The Online Left Goes to War
Stefan Bertram-Lee was an internet leftist. And then they went to Rojava and got a gun.

Stefan Bertram-Lee was fast asleep in their dorm at the YPG international training academy when the bombing started. It was around 3 AM, hours before dawn, when a friend woke them and their other classmates. All four Western volunteers were crammed into a tiny room, mattresses covering the floor. And now they were being ordered outside.

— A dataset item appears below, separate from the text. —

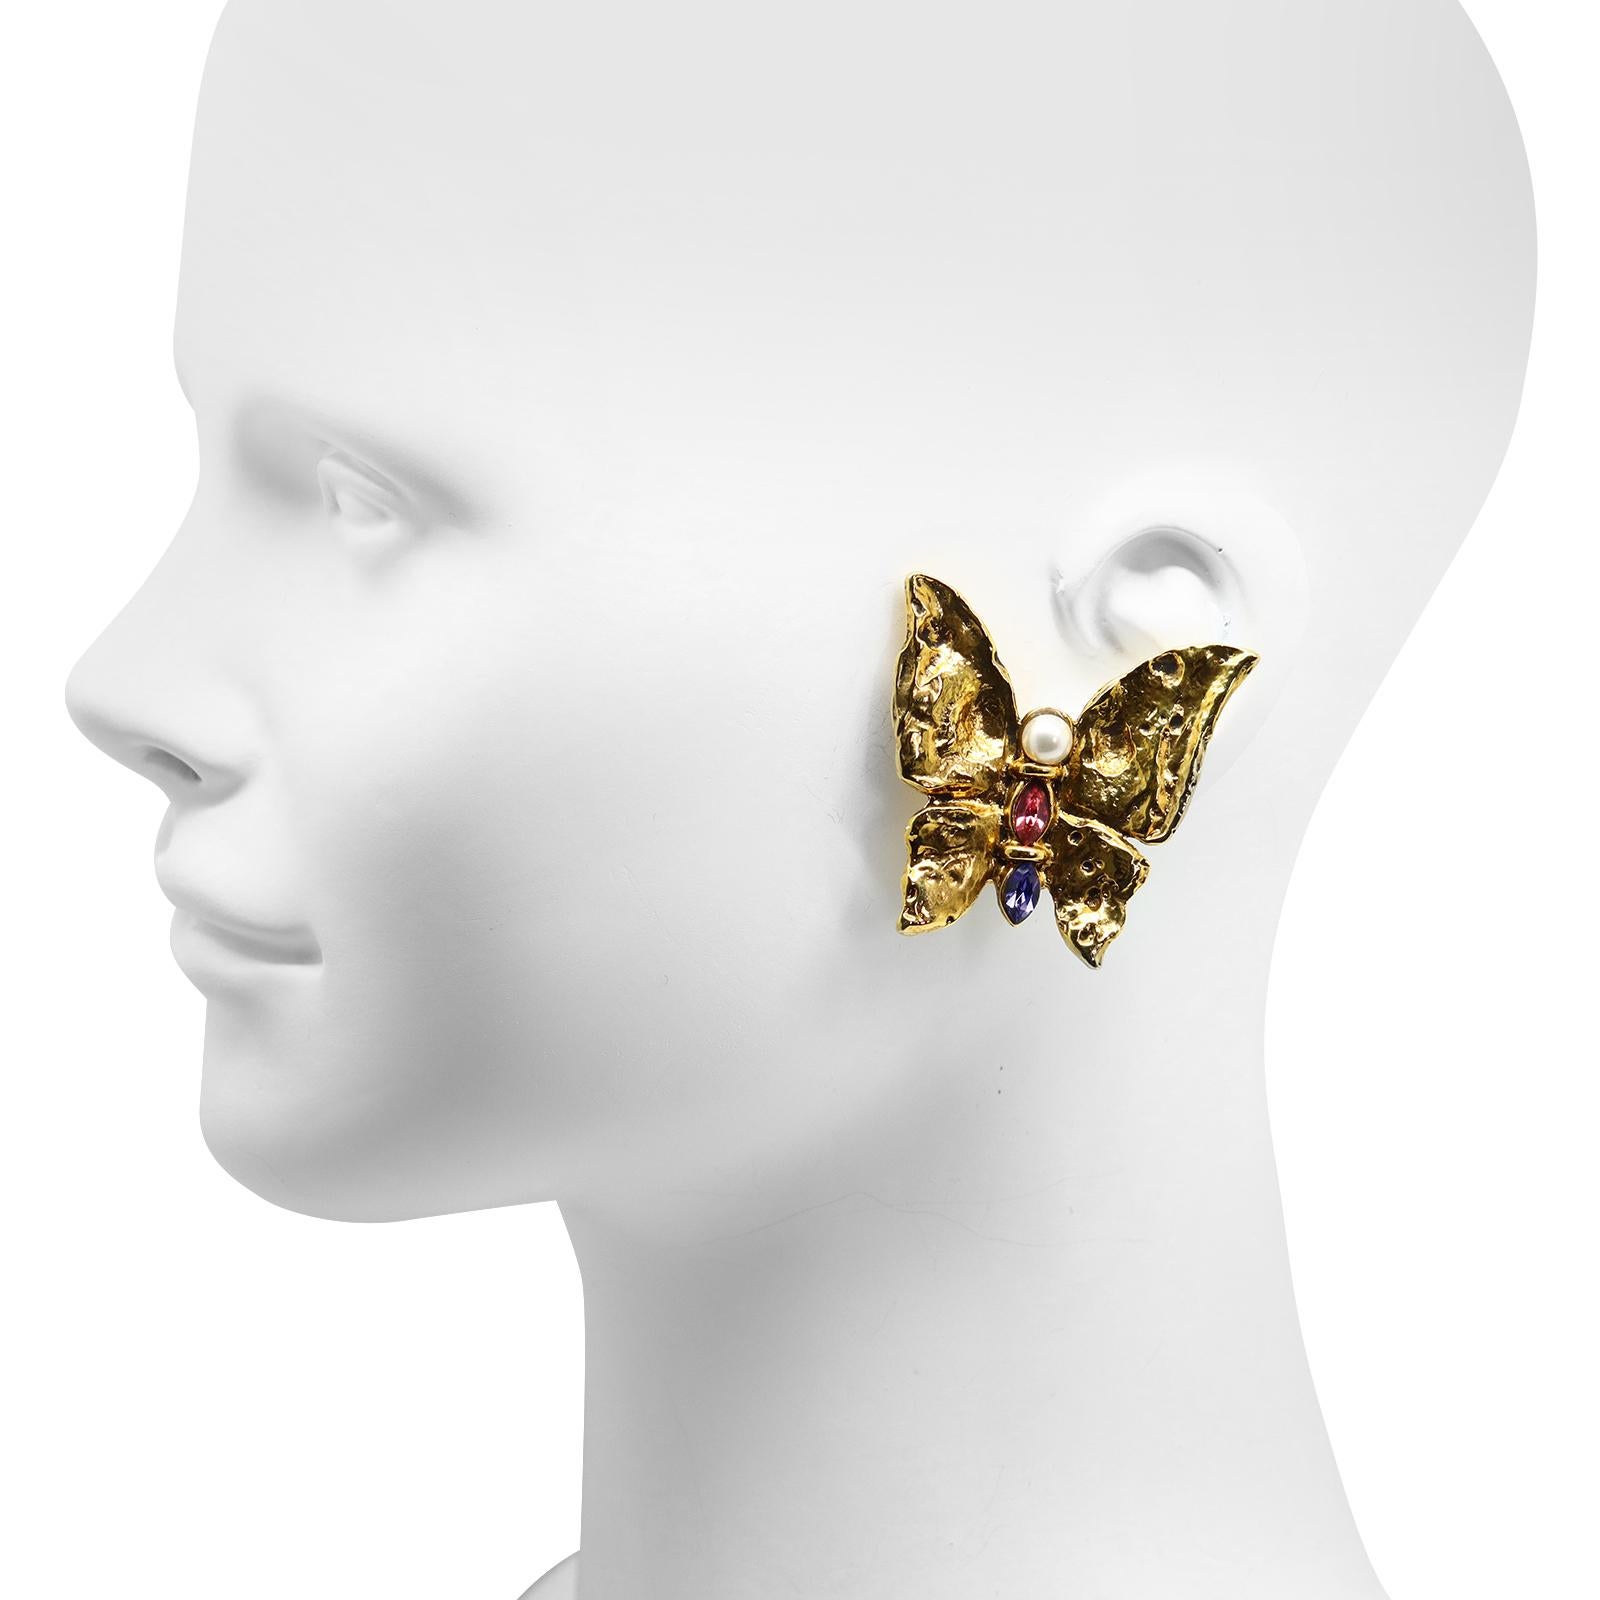 Vintage Yves Saint Laurent  Rive Gauche YSL Earrings. Butterfly Earrings with Pink and Blue Crystal and Faux Pearl on Hammered and Swirled Metal.  Clip On  

Just look at the photos and the video. Absolutely French and Absolutely Gorgeous. Look at

Still groggy, Bertram-Lee, who identifies as nonbinary, slipped on boots, grabbed an assault rifle, and filed out into the crisp night air of Rojava, expecting to be tested on how quickly they took their positions. “I thought it was just a drill,” Bertram-Lee recalls. YPG commanders had burst into their dorm before, shooting blanks and shouting intashar! to teach them how to respond under fire. They’d been in Syrian Kurdistan for three weeks at that point, having finished only the political portion of their training.
But when they stumbled outside and saw the flashes of light on the horizon, the cadets knew it was the real thing. The Turkish Air Force was bombing a nearby YPG (People’s Protection Units) base, part of their brutal “anti-terrorist” campaign against the Kurdistan Workers’ Party (PKK). Even with only a couple weeks of training, Bertram-Lee and the other cadets kept their cool. “We all acted how we were supposed to,” Bertram-Lee says from their grandmother’s flat in the northeast of England, still impressed with how quickly they’d adapted to life on the front lines.